## Problem details
Where the data below contains pictures, omit them; output the rest word for word.

## Collected data
---

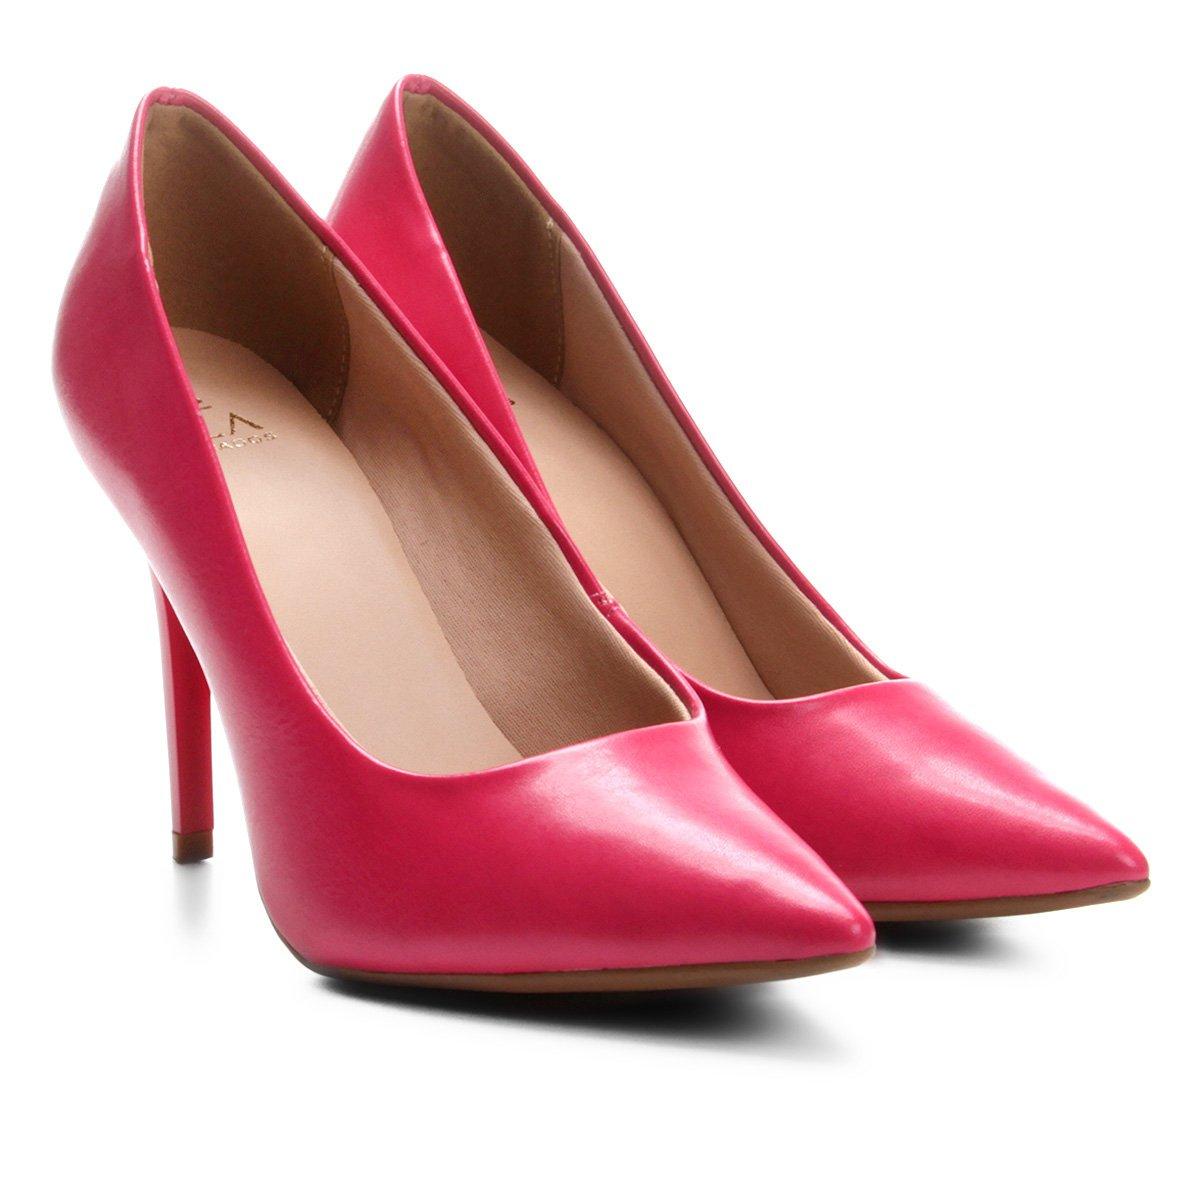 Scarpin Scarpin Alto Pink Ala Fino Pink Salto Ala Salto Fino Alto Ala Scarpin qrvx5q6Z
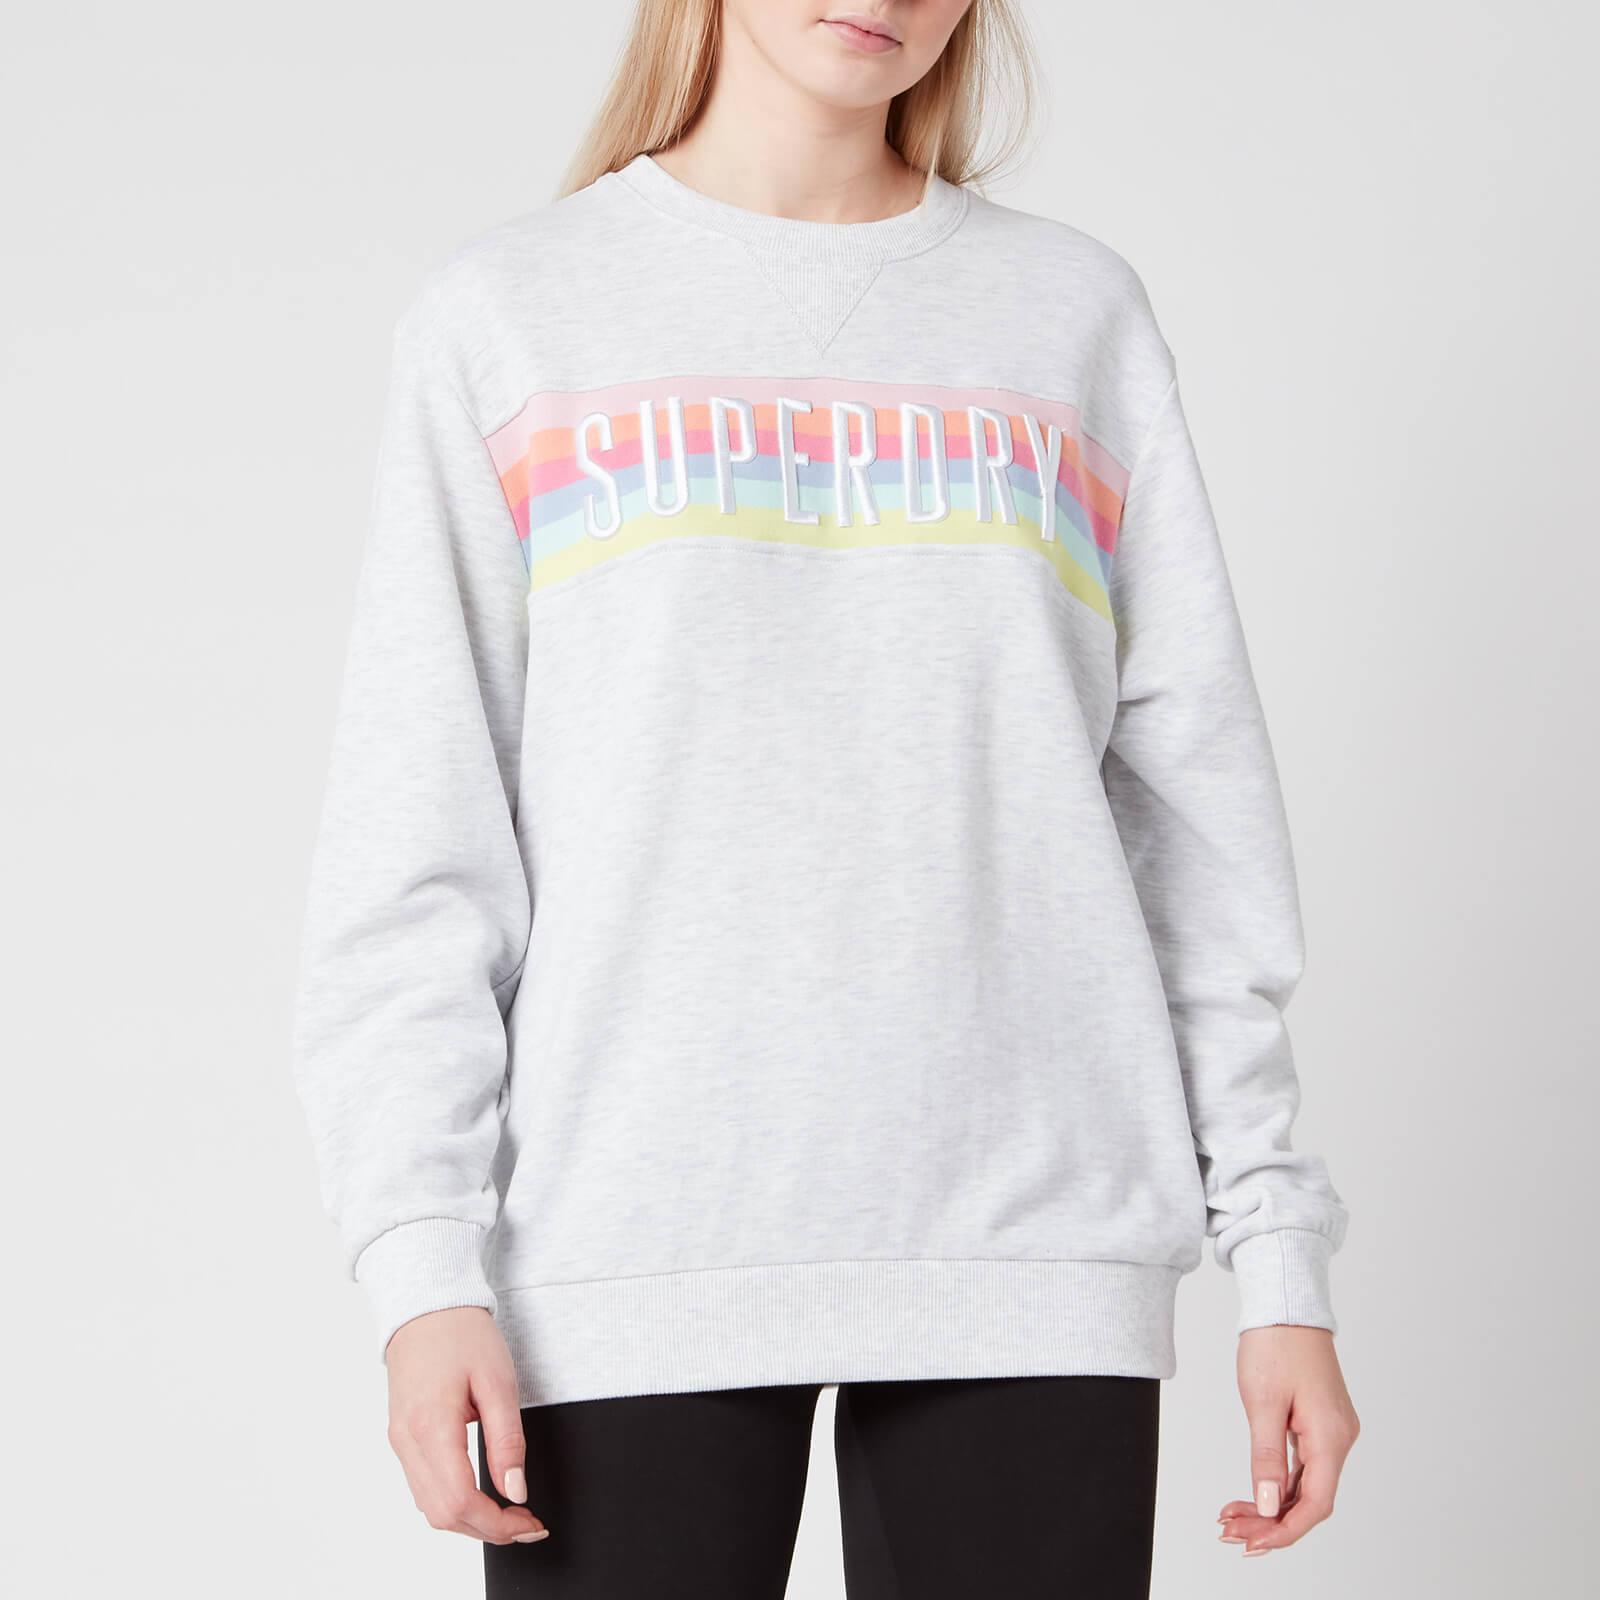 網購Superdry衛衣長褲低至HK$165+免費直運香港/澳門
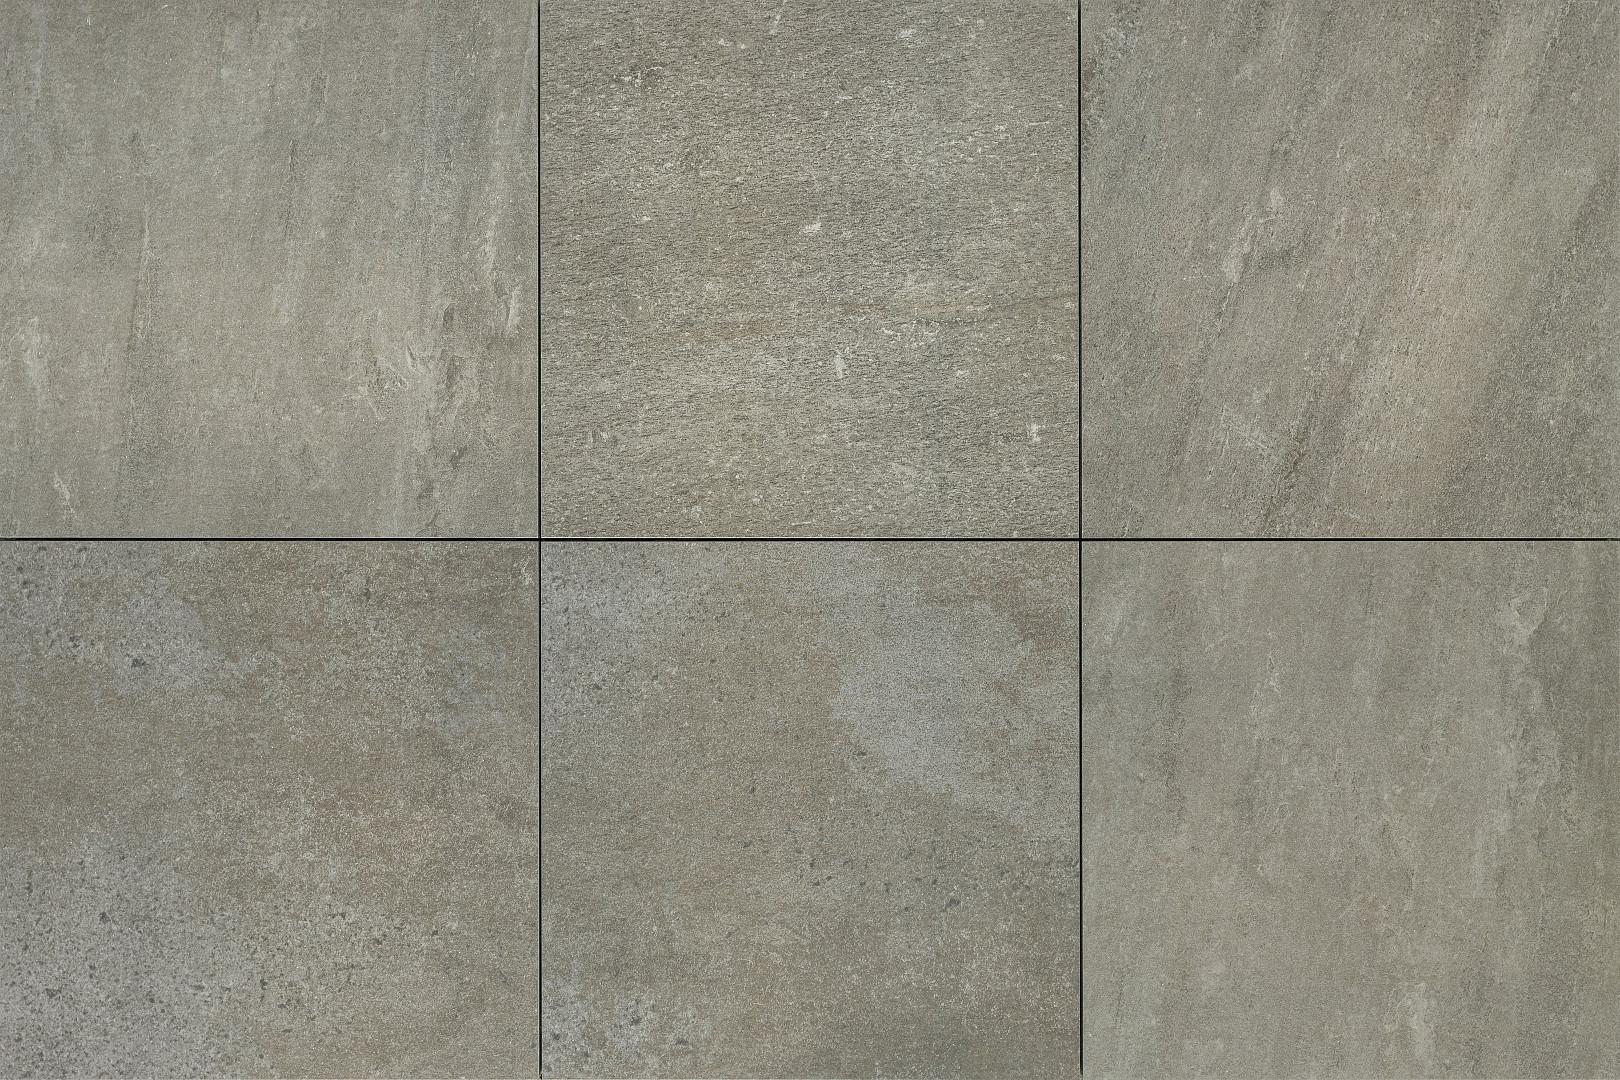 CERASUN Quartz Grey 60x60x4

---

## Written reply
 Scarpin Scarpin Alto Pink Ala Fino Pink Salto Ala Salto Fino Alto Ala Scarpin qrvx5q6Z
 網購Superdry衛衣長褲低至HK$165+免費直運香港/澳門
 CERASUN Quartz Grey 60x60x4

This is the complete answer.